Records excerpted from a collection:
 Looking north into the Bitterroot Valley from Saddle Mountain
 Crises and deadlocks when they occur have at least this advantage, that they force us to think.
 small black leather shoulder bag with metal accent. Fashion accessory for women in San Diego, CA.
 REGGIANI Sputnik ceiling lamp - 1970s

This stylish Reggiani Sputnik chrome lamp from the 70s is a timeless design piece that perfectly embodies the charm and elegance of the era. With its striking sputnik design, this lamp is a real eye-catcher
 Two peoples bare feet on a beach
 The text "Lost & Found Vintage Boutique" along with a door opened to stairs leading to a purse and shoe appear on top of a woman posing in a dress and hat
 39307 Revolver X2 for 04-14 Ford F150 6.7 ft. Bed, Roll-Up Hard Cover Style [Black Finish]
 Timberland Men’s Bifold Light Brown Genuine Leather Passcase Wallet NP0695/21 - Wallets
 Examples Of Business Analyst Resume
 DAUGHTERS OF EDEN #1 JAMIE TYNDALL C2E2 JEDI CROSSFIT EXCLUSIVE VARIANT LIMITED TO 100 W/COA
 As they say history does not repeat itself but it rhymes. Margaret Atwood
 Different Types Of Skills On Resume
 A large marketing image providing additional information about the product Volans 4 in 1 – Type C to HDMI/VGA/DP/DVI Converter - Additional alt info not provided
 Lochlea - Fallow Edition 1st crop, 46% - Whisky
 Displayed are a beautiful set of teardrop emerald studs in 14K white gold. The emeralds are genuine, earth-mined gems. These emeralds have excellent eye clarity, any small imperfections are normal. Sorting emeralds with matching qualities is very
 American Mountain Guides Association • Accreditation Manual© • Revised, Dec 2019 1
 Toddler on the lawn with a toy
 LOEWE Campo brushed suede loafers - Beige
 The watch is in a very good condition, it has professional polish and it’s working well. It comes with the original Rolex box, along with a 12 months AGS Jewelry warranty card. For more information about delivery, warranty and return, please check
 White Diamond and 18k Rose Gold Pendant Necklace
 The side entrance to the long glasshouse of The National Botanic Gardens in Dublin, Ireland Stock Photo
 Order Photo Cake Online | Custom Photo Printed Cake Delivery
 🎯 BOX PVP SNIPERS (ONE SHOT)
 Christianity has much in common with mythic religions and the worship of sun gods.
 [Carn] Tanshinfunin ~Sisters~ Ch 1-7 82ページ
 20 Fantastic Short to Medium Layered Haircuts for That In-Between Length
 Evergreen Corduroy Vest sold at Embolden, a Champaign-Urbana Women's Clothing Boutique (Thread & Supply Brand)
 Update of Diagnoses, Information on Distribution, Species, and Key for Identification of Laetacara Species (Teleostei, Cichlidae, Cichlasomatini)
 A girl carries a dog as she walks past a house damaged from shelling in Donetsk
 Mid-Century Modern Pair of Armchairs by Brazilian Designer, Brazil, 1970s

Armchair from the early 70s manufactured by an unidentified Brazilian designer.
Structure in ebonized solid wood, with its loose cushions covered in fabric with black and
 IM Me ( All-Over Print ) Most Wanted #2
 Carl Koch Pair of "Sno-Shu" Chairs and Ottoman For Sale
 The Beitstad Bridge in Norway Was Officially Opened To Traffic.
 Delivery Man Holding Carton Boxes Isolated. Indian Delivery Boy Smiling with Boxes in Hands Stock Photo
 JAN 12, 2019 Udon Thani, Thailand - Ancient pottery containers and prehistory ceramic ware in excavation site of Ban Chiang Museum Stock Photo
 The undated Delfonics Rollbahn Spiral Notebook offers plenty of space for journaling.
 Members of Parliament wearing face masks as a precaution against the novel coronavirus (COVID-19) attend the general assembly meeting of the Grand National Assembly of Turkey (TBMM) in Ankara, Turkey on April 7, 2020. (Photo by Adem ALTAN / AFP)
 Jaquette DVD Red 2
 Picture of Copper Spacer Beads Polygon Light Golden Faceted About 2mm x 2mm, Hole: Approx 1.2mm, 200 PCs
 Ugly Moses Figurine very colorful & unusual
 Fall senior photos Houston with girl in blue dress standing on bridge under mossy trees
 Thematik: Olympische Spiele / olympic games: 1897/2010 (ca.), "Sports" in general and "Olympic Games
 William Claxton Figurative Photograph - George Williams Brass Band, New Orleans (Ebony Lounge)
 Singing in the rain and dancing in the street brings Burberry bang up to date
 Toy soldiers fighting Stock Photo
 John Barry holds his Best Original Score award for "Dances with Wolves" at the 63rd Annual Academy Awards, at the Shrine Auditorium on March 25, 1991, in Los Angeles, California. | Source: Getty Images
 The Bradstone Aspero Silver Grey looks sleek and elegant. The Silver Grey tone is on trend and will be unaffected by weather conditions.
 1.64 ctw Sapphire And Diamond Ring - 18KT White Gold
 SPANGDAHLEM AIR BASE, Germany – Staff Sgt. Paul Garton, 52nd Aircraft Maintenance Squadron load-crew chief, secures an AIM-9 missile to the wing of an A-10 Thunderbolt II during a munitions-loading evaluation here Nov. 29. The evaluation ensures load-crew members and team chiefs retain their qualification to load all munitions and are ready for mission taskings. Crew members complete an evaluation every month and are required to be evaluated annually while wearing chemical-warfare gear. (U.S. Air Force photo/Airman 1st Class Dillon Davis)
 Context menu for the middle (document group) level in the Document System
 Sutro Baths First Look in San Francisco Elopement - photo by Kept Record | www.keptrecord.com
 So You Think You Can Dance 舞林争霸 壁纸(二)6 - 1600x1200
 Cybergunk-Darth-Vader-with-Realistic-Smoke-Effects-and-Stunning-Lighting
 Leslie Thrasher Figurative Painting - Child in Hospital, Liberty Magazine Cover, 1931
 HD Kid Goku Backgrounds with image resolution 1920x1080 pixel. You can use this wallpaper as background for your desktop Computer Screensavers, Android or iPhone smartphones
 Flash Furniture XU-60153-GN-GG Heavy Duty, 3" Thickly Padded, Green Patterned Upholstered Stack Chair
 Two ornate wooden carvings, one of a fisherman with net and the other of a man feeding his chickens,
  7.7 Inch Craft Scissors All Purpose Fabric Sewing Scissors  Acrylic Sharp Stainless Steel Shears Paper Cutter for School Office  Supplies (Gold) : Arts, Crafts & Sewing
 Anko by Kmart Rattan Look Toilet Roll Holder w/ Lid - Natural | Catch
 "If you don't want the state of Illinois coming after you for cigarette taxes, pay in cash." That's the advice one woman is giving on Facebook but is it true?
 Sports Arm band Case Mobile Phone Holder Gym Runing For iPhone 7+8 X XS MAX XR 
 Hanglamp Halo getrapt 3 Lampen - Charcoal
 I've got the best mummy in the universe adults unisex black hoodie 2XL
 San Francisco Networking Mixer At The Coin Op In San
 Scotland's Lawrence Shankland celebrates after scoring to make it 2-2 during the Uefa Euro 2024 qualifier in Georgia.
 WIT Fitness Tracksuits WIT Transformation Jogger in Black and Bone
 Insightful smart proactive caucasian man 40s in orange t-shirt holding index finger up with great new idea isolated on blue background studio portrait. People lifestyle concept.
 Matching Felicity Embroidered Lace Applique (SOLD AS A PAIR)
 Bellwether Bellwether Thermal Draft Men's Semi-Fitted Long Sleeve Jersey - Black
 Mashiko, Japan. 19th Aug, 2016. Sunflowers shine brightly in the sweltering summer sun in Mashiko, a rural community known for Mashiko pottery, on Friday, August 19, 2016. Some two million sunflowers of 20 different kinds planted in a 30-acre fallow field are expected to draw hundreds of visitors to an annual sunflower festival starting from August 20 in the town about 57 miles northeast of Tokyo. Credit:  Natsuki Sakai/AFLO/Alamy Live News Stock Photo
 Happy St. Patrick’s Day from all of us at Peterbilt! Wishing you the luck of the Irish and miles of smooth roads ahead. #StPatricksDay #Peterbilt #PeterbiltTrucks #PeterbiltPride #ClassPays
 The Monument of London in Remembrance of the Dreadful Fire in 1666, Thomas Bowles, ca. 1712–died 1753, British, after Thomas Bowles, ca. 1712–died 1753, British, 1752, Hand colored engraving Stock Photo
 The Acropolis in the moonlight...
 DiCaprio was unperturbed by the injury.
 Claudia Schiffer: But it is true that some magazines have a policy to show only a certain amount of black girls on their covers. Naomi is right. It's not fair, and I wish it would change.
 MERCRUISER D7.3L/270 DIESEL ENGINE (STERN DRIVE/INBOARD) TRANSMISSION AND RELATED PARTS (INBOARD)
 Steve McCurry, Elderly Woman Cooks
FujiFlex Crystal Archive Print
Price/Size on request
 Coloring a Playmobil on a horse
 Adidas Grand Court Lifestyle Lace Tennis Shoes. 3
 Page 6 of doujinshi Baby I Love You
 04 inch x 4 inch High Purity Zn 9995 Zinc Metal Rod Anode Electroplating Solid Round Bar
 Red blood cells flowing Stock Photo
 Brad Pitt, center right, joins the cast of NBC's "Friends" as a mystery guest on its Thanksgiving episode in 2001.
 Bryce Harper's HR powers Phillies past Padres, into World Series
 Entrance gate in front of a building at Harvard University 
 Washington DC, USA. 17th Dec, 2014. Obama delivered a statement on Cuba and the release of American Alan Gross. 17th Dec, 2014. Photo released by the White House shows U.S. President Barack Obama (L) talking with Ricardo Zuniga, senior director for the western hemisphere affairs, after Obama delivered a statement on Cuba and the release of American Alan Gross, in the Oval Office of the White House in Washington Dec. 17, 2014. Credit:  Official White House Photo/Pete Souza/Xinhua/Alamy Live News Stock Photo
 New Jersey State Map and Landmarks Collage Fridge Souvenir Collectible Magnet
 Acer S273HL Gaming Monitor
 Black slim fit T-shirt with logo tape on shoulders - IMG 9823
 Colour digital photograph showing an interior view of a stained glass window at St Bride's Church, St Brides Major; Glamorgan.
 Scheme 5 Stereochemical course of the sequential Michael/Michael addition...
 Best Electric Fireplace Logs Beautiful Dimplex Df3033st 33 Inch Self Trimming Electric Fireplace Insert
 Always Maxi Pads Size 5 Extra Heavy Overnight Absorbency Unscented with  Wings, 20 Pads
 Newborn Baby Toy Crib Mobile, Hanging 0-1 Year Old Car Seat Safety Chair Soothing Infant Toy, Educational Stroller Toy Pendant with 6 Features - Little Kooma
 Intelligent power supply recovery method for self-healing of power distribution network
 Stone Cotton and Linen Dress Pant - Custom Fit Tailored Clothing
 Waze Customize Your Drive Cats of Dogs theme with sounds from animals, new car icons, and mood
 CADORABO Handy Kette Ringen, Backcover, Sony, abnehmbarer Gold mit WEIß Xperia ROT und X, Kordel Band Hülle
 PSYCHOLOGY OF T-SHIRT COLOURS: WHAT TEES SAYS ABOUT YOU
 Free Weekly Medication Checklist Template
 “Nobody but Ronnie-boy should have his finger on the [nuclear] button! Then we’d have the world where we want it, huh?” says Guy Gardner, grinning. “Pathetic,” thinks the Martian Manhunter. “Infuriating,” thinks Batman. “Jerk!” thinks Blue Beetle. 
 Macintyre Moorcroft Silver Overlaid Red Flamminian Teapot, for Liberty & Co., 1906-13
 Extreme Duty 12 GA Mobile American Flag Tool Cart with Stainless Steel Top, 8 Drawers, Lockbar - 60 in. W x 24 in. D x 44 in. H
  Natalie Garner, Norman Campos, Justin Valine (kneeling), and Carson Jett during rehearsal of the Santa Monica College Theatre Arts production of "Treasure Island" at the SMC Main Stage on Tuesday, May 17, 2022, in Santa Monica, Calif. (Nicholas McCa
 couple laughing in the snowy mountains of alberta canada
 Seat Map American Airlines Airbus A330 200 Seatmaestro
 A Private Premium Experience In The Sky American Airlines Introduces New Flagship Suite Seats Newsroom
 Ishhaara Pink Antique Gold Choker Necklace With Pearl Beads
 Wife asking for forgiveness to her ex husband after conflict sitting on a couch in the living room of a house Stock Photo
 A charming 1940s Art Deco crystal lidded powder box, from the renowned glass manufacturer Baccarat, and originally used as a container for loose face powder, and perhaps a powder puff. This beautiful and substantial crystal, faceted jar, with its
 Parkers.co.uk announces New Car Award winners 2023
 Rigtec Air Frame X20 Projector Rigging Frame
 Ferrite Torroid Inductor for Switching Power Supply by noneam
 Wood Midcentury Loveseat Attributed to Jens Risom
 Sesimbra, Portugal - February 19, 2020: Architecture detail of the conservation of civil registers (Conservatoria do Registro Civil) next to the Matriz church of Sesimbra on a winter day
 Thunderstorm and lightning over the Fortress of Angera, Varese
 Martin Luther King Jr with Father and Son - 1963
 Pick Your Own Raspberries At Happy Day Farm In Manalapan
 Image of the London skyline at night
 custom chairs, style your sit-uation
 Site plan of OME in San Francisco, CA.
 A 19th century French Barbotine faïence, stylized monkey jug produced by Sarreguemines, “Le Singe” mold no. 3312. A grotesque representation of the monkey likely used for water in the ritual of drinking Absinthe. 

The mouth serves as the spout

**Exercise brief:** Taking the entries above, restate exactly those lines that fall between the line with "Best Electric Fireplace" and the line with "Waze Customize Your", keeping both of those lines too.

**Output below:**
 Best Electric Fireplace Logs Beautiful Dimplex Df3033st 33 Inch Self Trimming Electric Fireplace Insert
 Always Maxi Pads Size 5 Extra Heavy Overnight Absorbency Unscented with  Wings, 20 Pads
 Newborn Baby Toy Crib Mobile, Hanging 0-1 Year Old Car Seat Safety Chair Soothing Infant Toy, Educational Stroller Toy Pendant with 6 Features - Little Kooma
 Intelligent power supply recovery method for self-healing of power distribution network
 Stone Cotton and Linen Dress Pant - Custom Fit Tailored Clothing
 Waze Customize Your Drive Cats of Dogs theme with sounds from animals, new car icons, and mood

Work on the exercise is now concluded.